这种在病态的浅色连带着嘴唇,像是被抽干了血气,看上去有点吓人。

“还是去医院看看吧?”傅辞洲不放心道,“我让王应和老陈说一声。”

“没事,”祝余拍拍傅辞洲的肩膀,“我自己什么样我心里有数。”

“那你什么样啊?”傅辞洲皱着眉头,烦躁地一揉祝余头发,“你看你一头的汗。”

祝余额前的碎发被傅辞洲粗暴地撸到后面,少年额头光洁,长眉被汗水浸湿,显得愈发漆黑锋利。

傅辞洲目光微垂,对上祝余的瞳,阳光倾泻,洒在两人发上。

他发现对方的虹膜竟然是浅浅的棕色,里面印着自己的隐约轮廓。

是自己的吧?傅辞洲想。

“有点饿…”祝余眨了眨眼,舌尖舔过自己干涩的唇缝,“想喝可乐,加冰的那种。”

食堂里,祝余端着杯加冰可乐,坐在凳子上咬着吸管慢慢喝。

傅辞洲怎么看怎么娘,但是祝余身体不舒服,他也没像往常一样开口怼他。

四块钱买了两根烤肠,傅辞洲给祝余递过去一根:“现在好点没?”

祝余接过烤肠,慢吞吞地咬下来一小口:“饿。”

已经走到祝余身边的傅辞洲脚步一转:“那我再买点面包吧。”

祝余拉住他的衣袖:“这个就行。”

“一根烤肠就饱?”傅辞洲一口咬了一半,抬头向食堂里面看了看,“那边有卖方便面的,我给你煮一碗?”

在饿的时候,谁都无法抗拒方便面的鲜香。

祝余一样,立刻屈服了:“也行。”

傅辞洲咬着烤肠过去买面,祝余捏住那根竹签,两指一搓,把那根咬了一口的烤肠在自己面前转来转去。

“酸菜的红烧的?”傅辞洲在远处大声问道。

祝余瓮里翁气道:“红烧。”

傅辞洲刷了卡,几口把烤肠吃完,竹签隔空一扔,扔进了几米开外的垃圾桶里。

祝余咬着可乐的吸管,晃晃悠悠也走过来:“你也吃吗?”

傅辞洲闻了闻方便面的香味:“那我也来一碗吧。”

祝余站在傅辞洲身后,下巴一抬正好搁在对方的肩膀上。

他把体弱多病展现得淋漓尽致,整个人懒懒散散就像没骨头似的,即便是站这一会儿也要往傅辞洲身上凑。

“你热不热?”傅辞洲推了推他。

祝余摇摇头,从喉咙里发出闷闷的笑。

他的眼角微微往下,是双天生的笑眼,薄薄的刘海盖着额头,傅辞洲又想起十几分钟前那双浅棕色的瞳。

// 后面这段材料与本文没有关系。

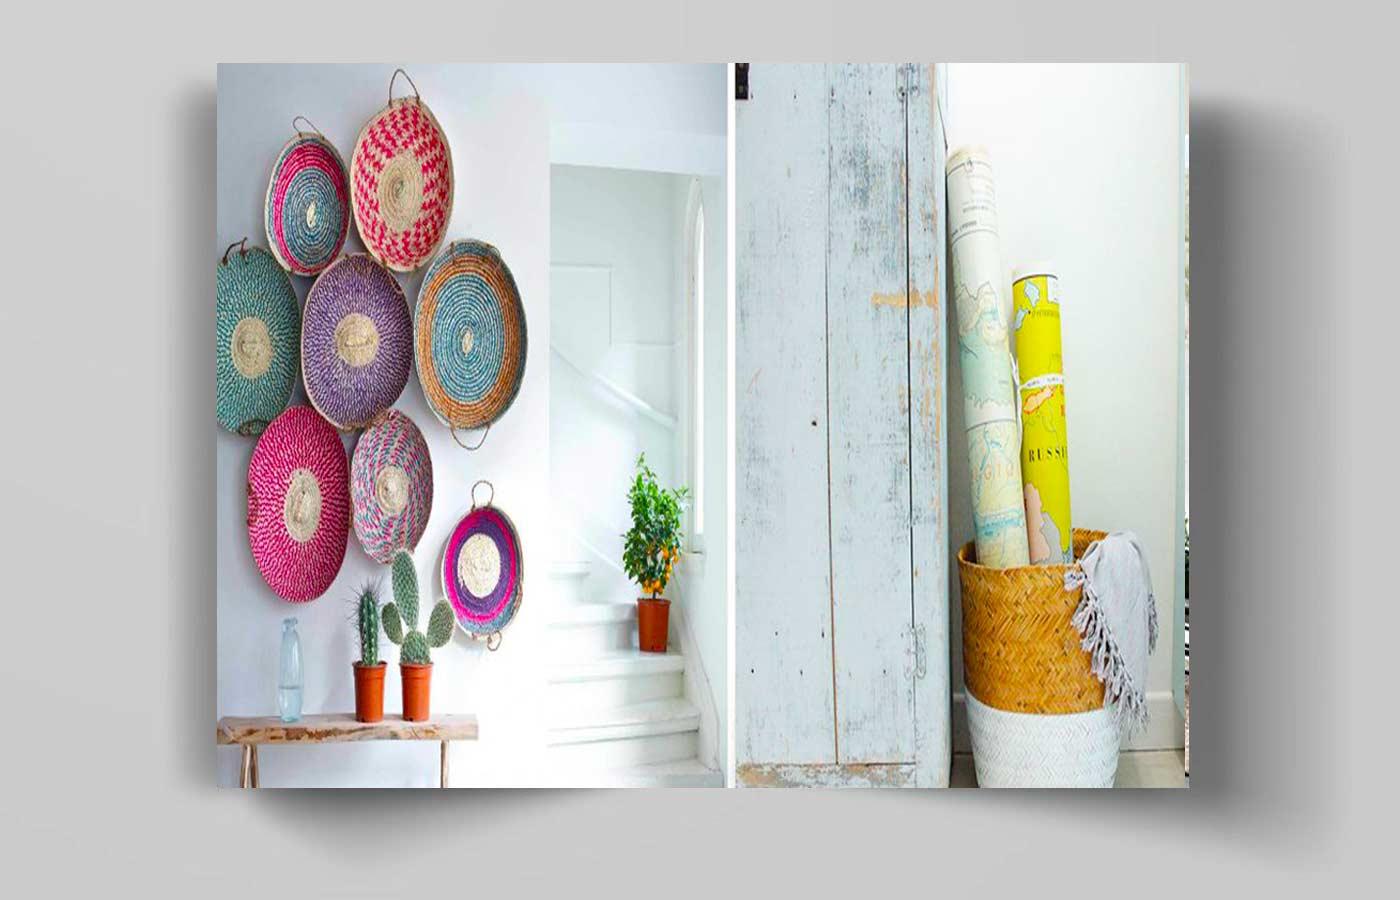 194rt - انواع آویز دیواری در دکوراسیون منزل

“你眼睛颜色好浅。”傅辞洲偏过脸,能看到祝余微红的眼尾。

“没有,”祝余矢口否认,“我这是,漆黑有神的双眸。”

傅辞洲笑起来:“你拉倒吧。”

方便面煮的很快,两人一人一碗,端去桌边吃面。

傅辞洲煮了碗老坛酸菜面,那味道贼冲,祝余跟他面对面吃着,有种自己也在吃酸菜的错觉。

吃了一半,傅辞洲收到了王应的短信。

他看完把手机一收,扒面的速度都快了起来。

“搞快,老陈可能要去校医院看你。”

祝余腮帮鼓鼓,疑惑道:“老陈说的?”

傅辞洲:“老王说的。”

祝余低头闻闻自己身上的味道:“一身老坛酸菜味,去校医院可信吗?”

“去了总比不去好,”傅辞洲把面捞完,放下筷子就开始催祝余,“你快点。”

“可是我不想去校医院,”祝余戳了戳碗里的鸡蛋,原地耍起了小性子,“我不去。”

傅辞洲突然想起来之前去校医院,祝余也是死活不去看医生。

“为什么?”他把脸往前一探,“给个理由。”

祝余掀起眼皮看着傅辞洲:“不说。”

祝余跟个盲盒似的,花里胡哨的外表里面装着什么谁都不知道。

傅辞洲忙活半天企图拆盒,却换了个怎么也拆不开。

“你没兄弟了。”傅辞洲端起碗就走。

祝余笑着目送他去餐盘回首处,低头赶紧又扒了几大口面,这才屁颠屁颠追上去:“等等我啊!”

傅辞洲心眼小,为这事儿和祝余生了一下午的气。

他甚至气当天晚上都不想和对方一起吃饭。

祝余知道自己理亏,嬉皮笑脸挂傅辞洲身上:“我请你吃嘛,少爷,别气啊!”

傅辞洲嫌弃地把人推开,但是祝余就跟个狗皮膏药似的撕都撕不下来。

就在两人黏在一起出了教室时,他们身后突然传来一声脆生生地“祝余!”

祝余塌着肩膀,拖长声音“嗯?”了一声,趴在傅辞洲的背上回头看过去。

是褚瑶。

还是个抱了罐大白兔奶糖的褚瑶。

周围的人除了傅辞洲,全部都邪笑着“哦~”了一声。

祝余放开傅辞洲,上一秒没个正样的少年,下一秒也把要背挺直了。

“这个给你。”褚瑶把大白兔奶糖往祝余手上一塞,不等对方说什么,转身就跑开了。

“哦哦哦——!”

“哇——噻——”

随着褚瑶跑远,周围同学起哄声也更大了起来。

祝余倒是不在意,他看看自己手上的奶糖,叹了口气,转身回教室随便塞进了自己书包里。